Millions of dollars have been paid to the pirate gangs operating in the area, which is vital to shipping between Europe, Asia and the Middle East, pushing up insurance costs and threatening humanitarian supplies.
Pirates were now targeting ships on the eastern side of Somalia after concentrating their attacks in the Gulf of Aden.
The Nato military alliance has agreed to join anti-piracy operations off the coast of Somalia amid growing calls for action against armed gangs which have attacked scores of vessels this year.
Seven vessels will be sent to the region, where negotiations are currently under way after one gang demanded an $8m ransom for a Ukrainian ship loaded with heavy weaponry.
The UN Security Council earlier this week called on countries to send naval vessels and military aircraft to support anti-piracy efforts.
The call came after European Union countries said they would launch an anti-piracy patrol, and Russia announced it would co-operate with the West in fighting the pirates.
Choong of the IMB said the Kuala Lumpur-based body had issued a fresh warning to ships to maintain strict anti-piracy watch since the waters off Somalia were too wide for Western forces to provide security.
"As long as there is no firm deterrent, pirates will continue to attack ships.

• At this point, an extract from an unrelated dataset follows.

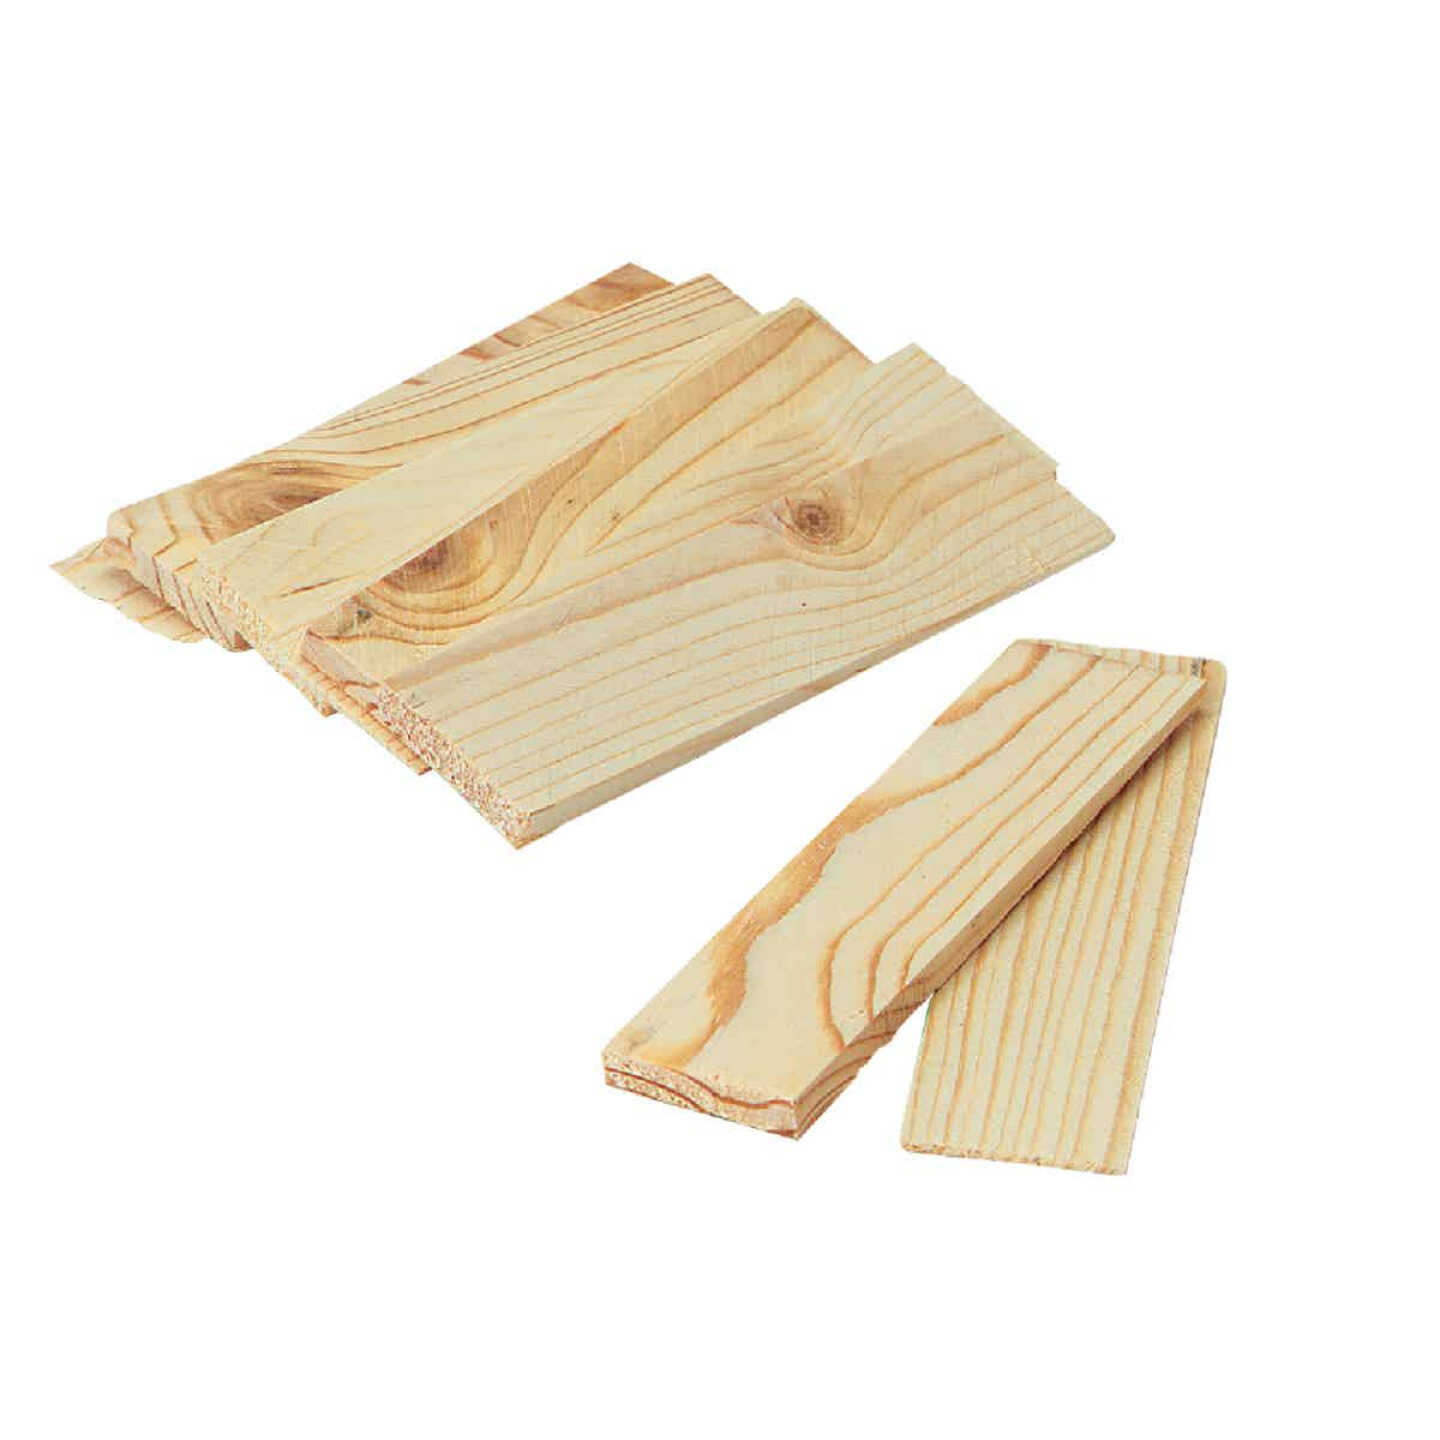 Nelson Wood Shims 6 In. L Wood Shim (9-Count) - Bender Lumber Co.

But the military cannot be everywhere since this is a wide area," he said.
Somalia's transitional government, which is under pressure from near-daily attacks by armed opposition groups, has given foreign powers the freedom to use force against the pirates.
According to the IMB, 69 ships have been attacked off Somalia since January; 27 were hijacked and 11 are still being held for ransom. Pirates are holding more than 200 crew members.